**INSTRUCTIONS TO FOLLOW:**
Transcribe all the data below exactly, leaving its pictures out.
DATASET CONTENT Start Marker
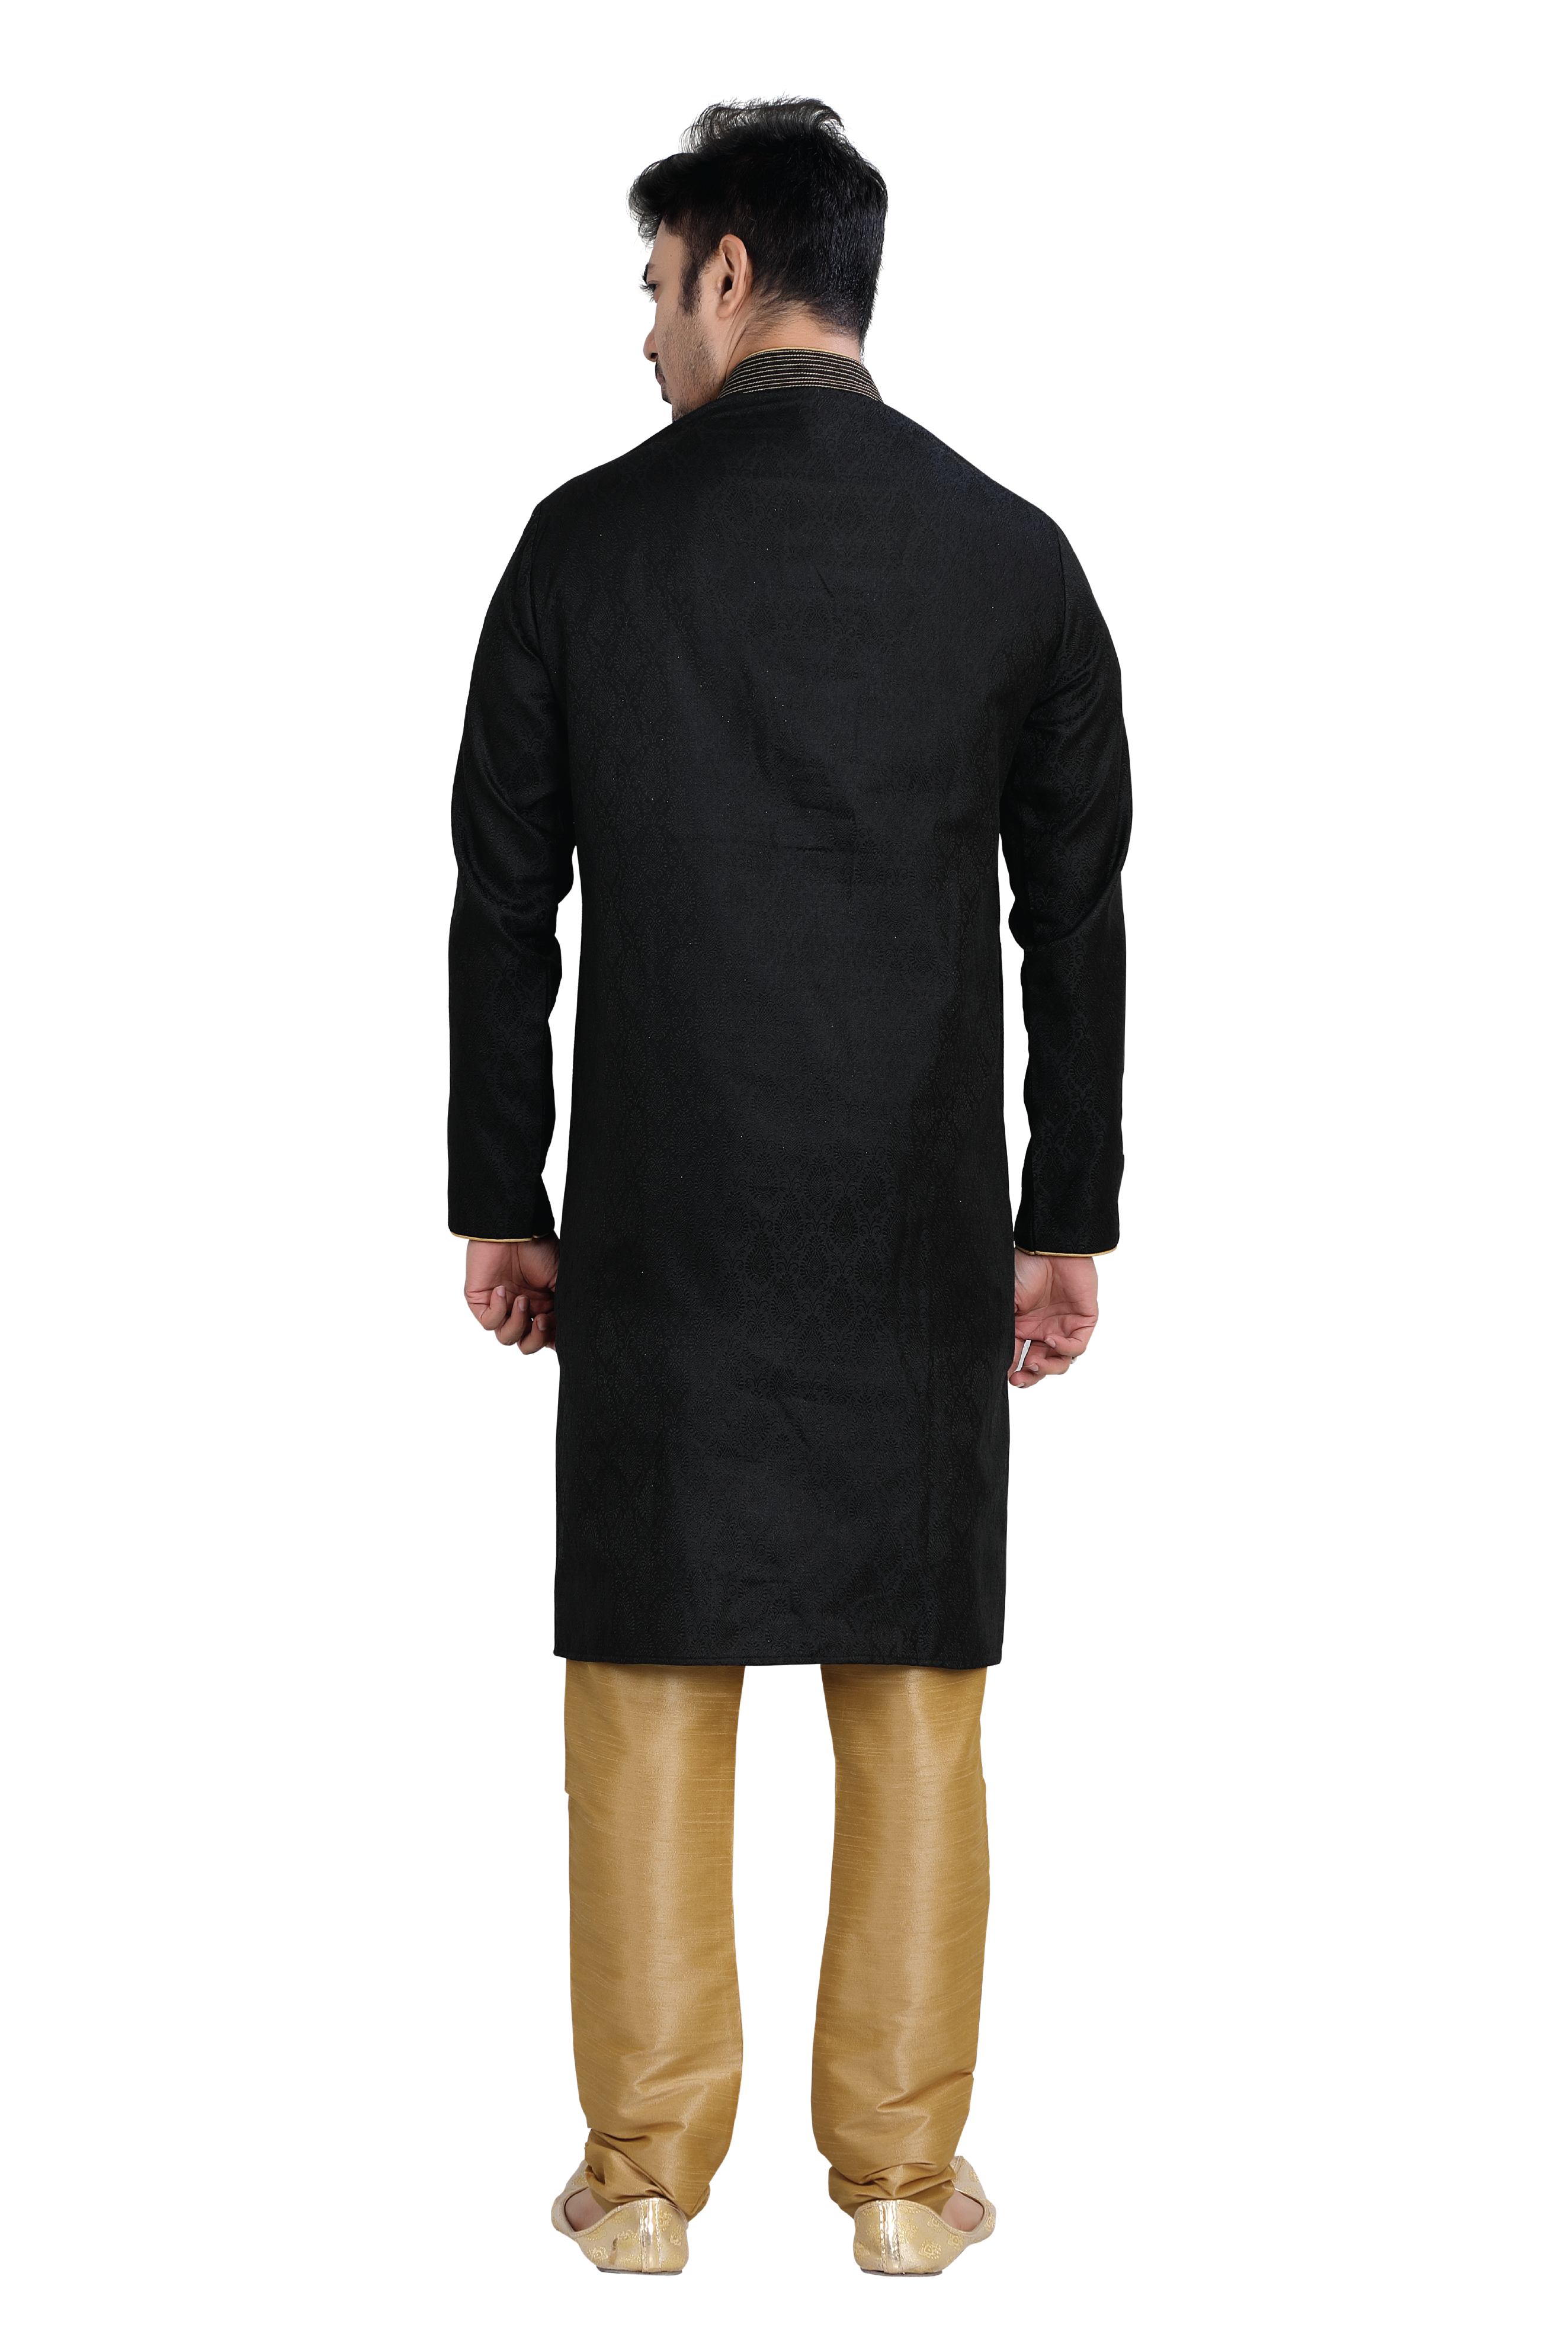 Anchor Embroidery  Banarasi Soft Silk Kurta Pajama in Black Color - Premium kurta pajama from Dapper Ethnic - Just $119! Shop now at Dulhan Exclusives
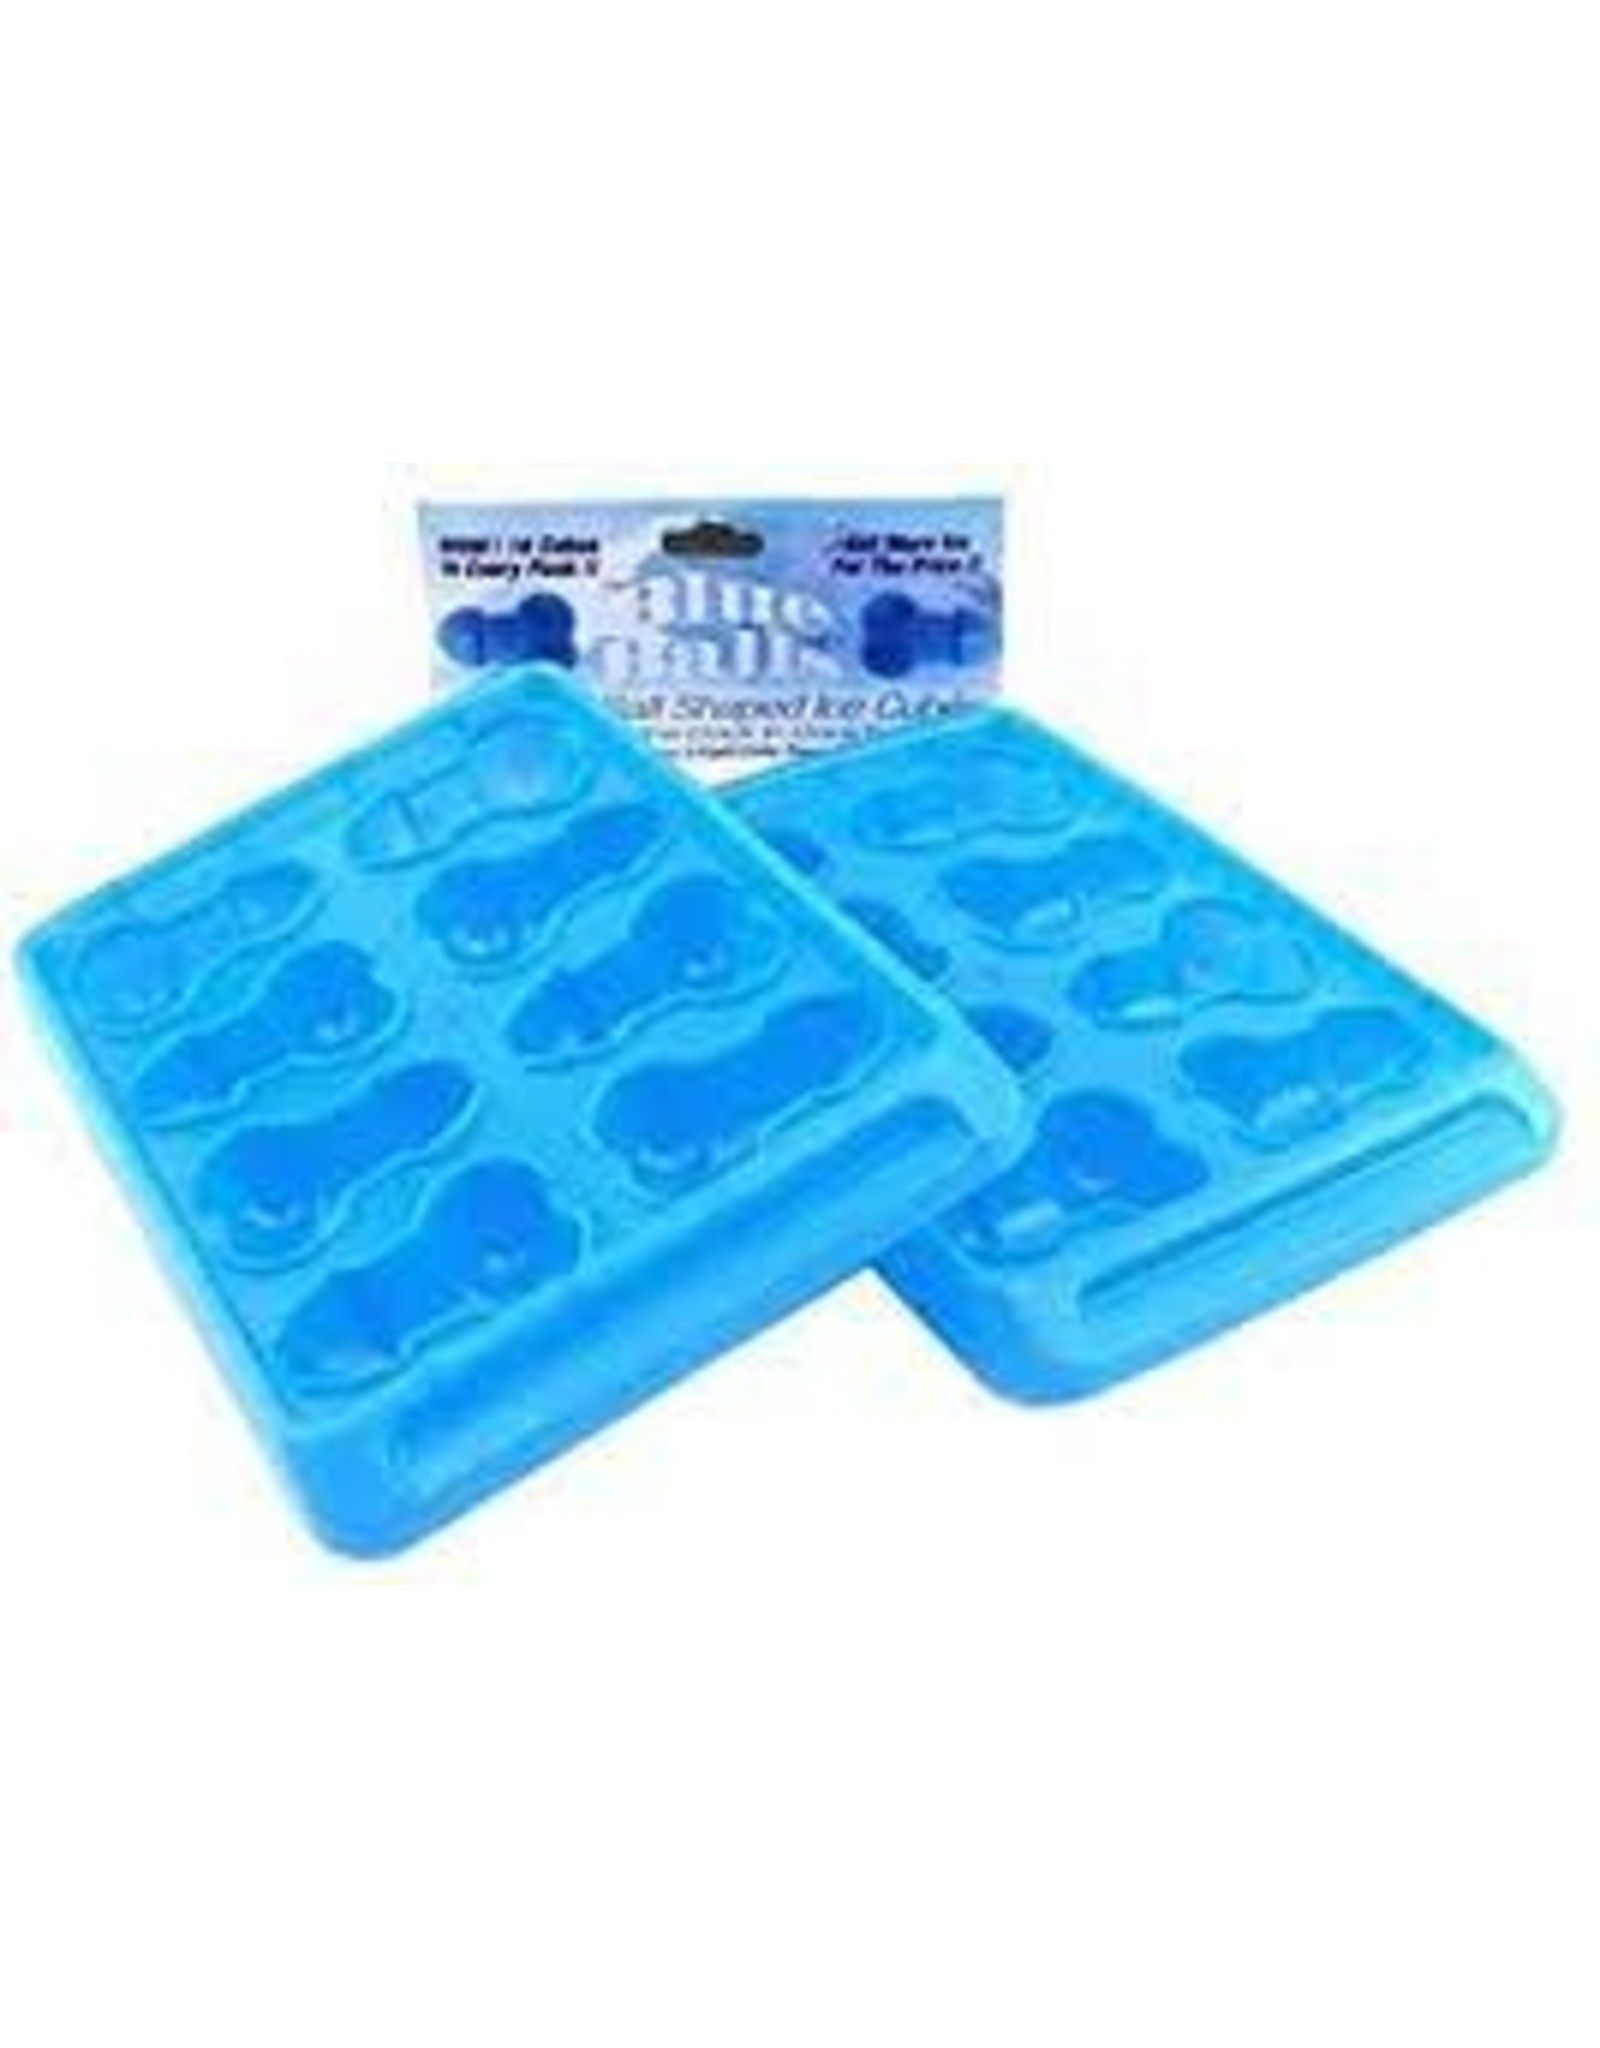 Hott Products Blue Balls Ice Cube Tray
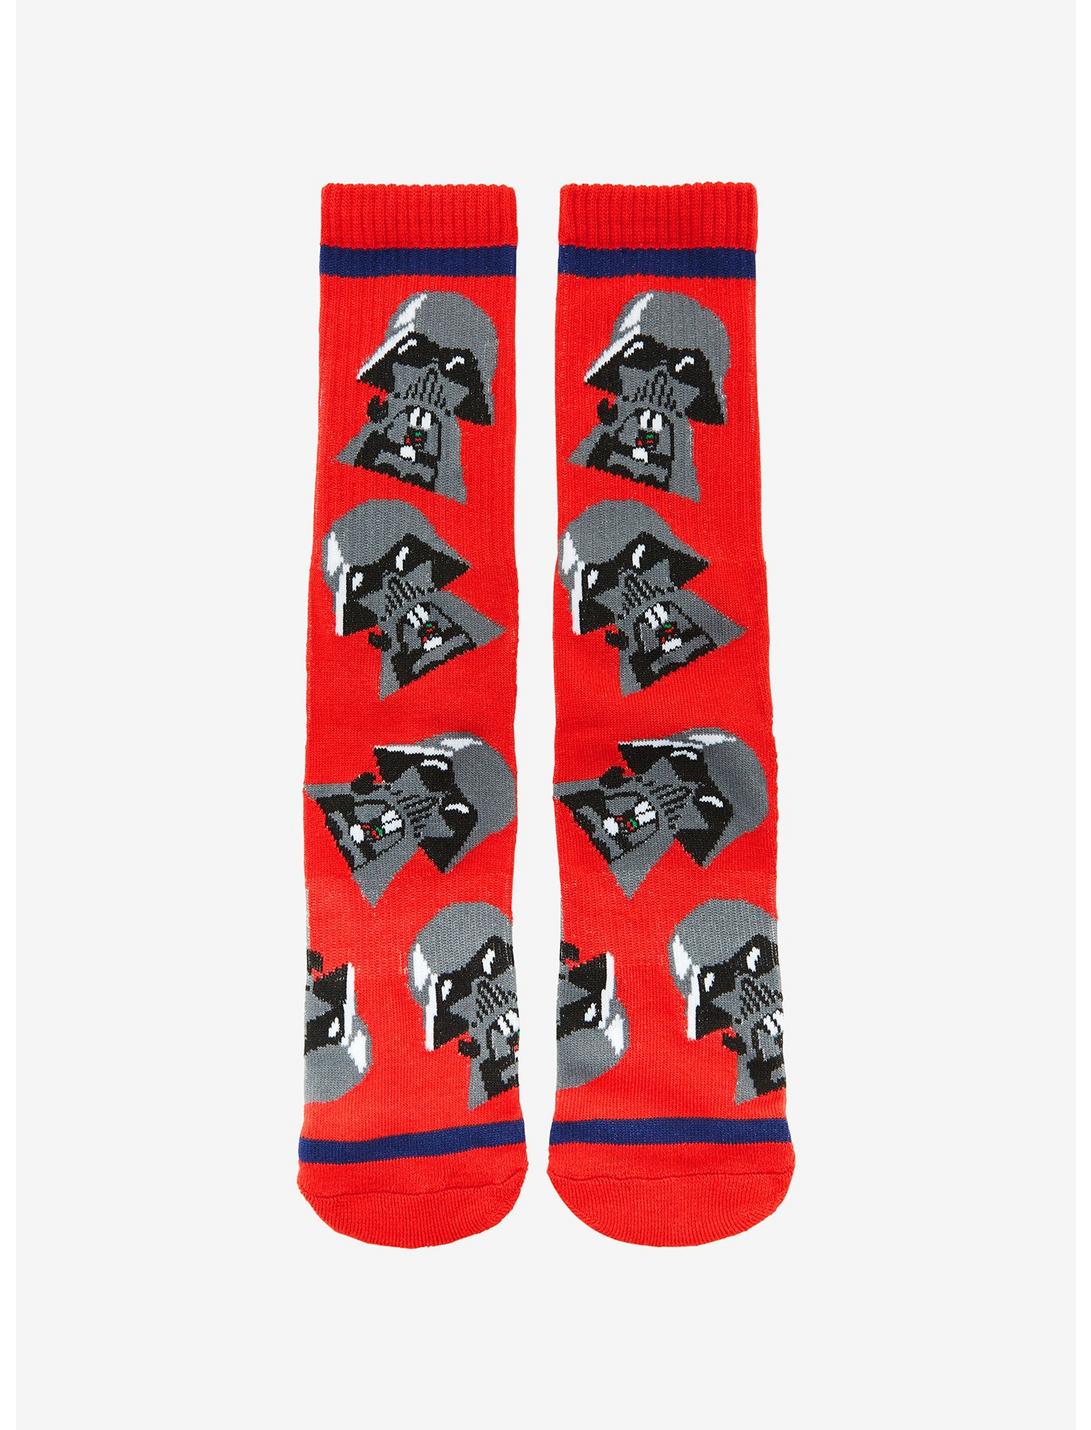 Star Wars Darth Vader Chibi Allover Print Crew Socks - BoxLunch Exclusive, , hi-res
DATASET CONTENT End Marker
**ANSWER TO THE PROBLEM:**
 Anchor Embroidery  Banarasi Soft Silk Kurta Pajama in Black Color - Premium kurta pajama from Dapper Ethnic - Just $119! Shop now at Dulhan Exclusives
 Hott Products Blue Balls Ice Cube Tray
 Star Wars Darth Vader Chibi Allover Print Crew Socks - BoxLunch Exclusive, , hi-res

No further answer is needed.